- Born: November 7, 1934 Brooklyn, New York, U.S.
- Died: February 10, 2025 (aged 90) Chicago, Illinois, U.S.
- Education: Princeton University Harvard University
- Known for: Cyanobacterial molecular genetics Nitrogen fixation and heterocyst development Plant viral RNA biology
- Awards: National Academy of Sciences (1991) American Academy of Arts and Sciences American Academy of Microbiology Gregor Mendel Medal in Biological Science
- Scientific career
- Fields: Molecular biology Microbiology
- Workplaces: University of Chicago
- Doctoral advisor: Paul Mead Doty

= Robert Haselkorn =

American molecular biologist (1934-2025)

Robert Haselkorn (1934–2025) was an American molecular biologist and microbiologist who spent his career at the University of Chicago, where he helped establish cyanobacteria as model organisms for studies of nitrogen fixation, photosynthesis, and prokaryotic development. His work helped establish cyanobacterial molecular genetics and contributed broadly to molecular biology through early advances in viral RNA biology, genome sequencing, and gene regulation.

== Early life and education ==
Robert Haselkorn was born in 1934 in Brooklyn, New York, and grew up in the city, where he attended James Madison High School. He earned an AB degree from Princeton University in 1956, where he was active as coxswain on the university's crew team. He then pursued graduate studies in biochemistry at Harvard University, completing his PhD in 1959 under the supervision of Paul Doty during the formative years of molecular biology. While at Harvard, Haselkorn was introduced to nucleic acid research and developed a lasting interest in the structure and function of RNA, which would shape his subsequent scientific career.

== Research and career ==
After completing postdoctoral research at the Agricultural Research Council in Cambridge, England, Robert Haselkorn joined the University of Chicago faculty in 1961, where he spent his entire academic career. He held appointments in biophysics, molecular genetics and cell biology, and chemistry, and was later named a Distinguished Service Professor. Over more than four decades at Chicago, he established a research program spanning virology, microbiology, and molecular genetics, while mentoring generations of students and postdoctoral researchers.

Haselkorn's early work focused on plant RNA viruses and bacteriophages, including studies of viral structure and gene expression. This research led to the identification and characterization of cyanophages and, in turn, to the adoption of cyanobacteria as experimental systems for molecular genetic analysis. He was among the first to establish filamentous cyanobacteria as model organisms for investigating photosynthesis, nitrogen fixation, and cellular differentiation.

A central contribution of Haselkorn's career was demonstrating that heterocysts are the sites of nitrogen fixation in filamentous cyanobacteria. His laboratory subsequently elucidated genetic and regulatory mechanisms controlling heterocyst differentiation, pattern formation, and metabolic exchange between cells, work that helped define the field of cyanobacterial developmental biology.
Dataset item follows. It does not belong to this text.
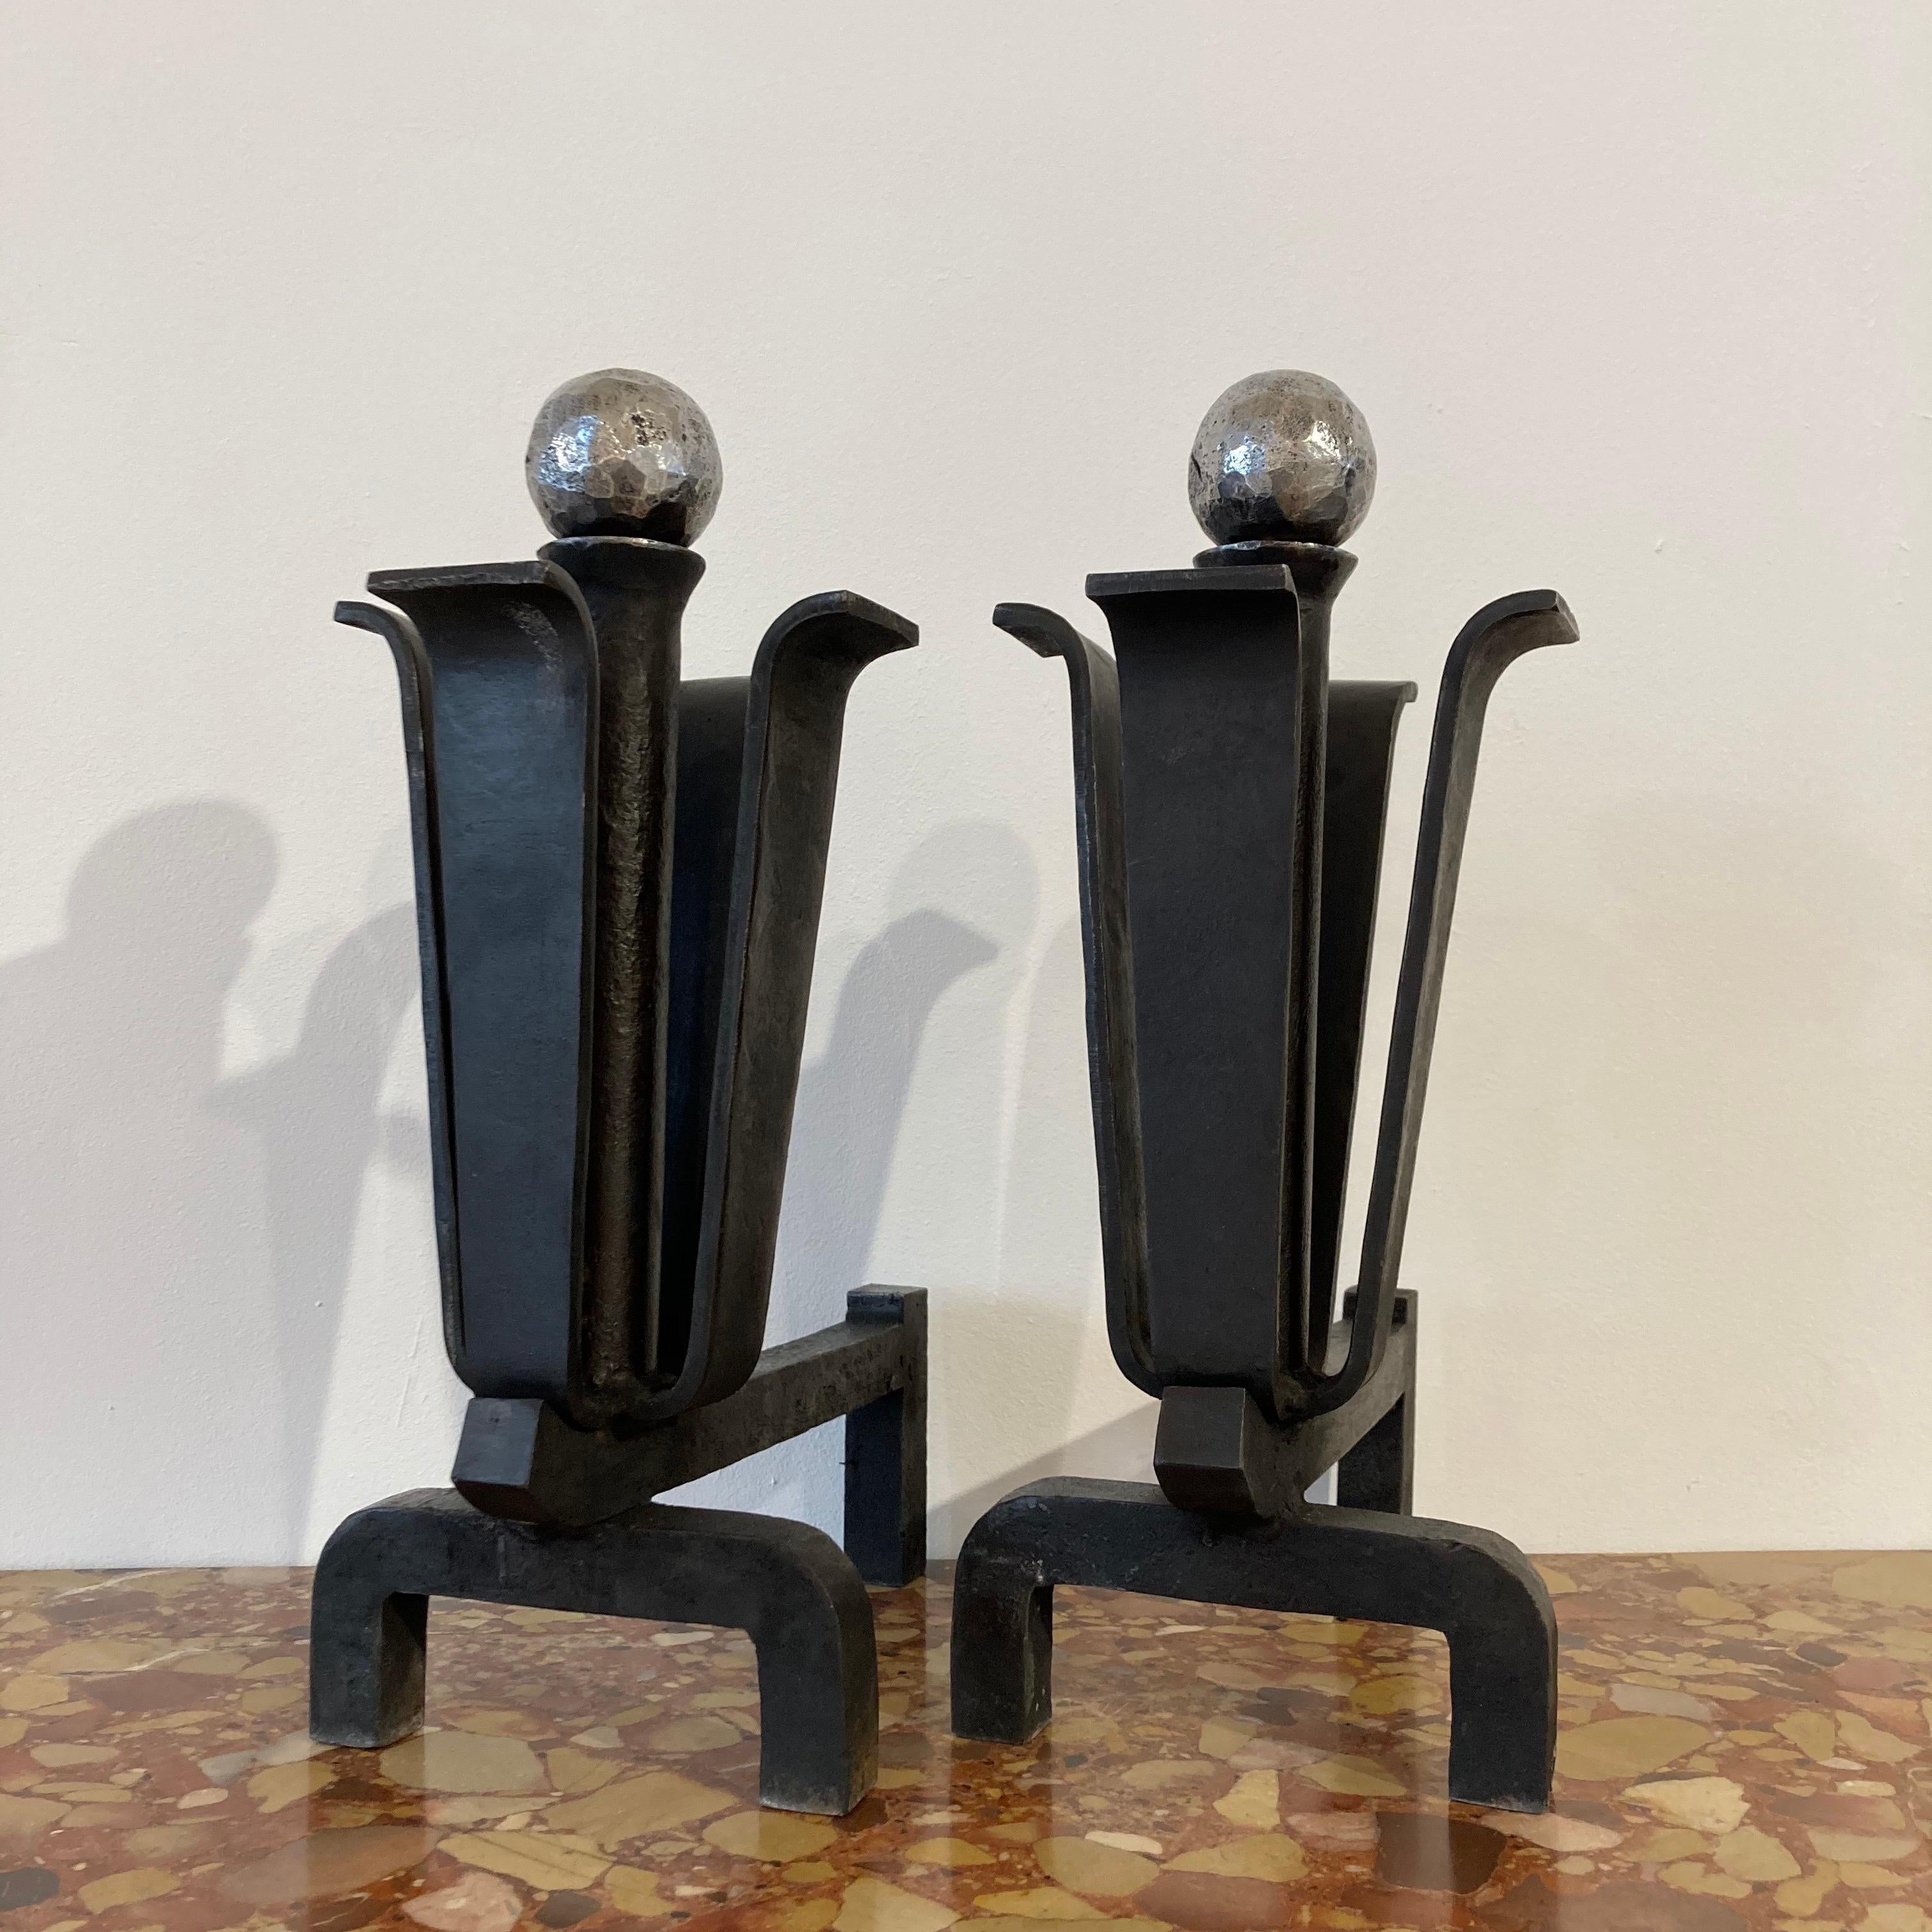 Lovely pair of Mid-Century Modern andirons.
Inspired by an opening flower, these heavy wrought iron andirons open up to reveal a polished hand hammered

As molecular biology techniques advanced, Haselkorn incorporated recombinant DNA and genomic approaches into his research. His group contributed to early efforts in gene cloning, genome sequencing, and functional annotation in prokaryotes, and later studied conserved metabolic enzymes such as acetyl-CoA carboxylase across bacteria, plants, and eukaryotes. He also co-founded biotechnology companies and held patents related to his research, reflecting a sustained interest in applied science.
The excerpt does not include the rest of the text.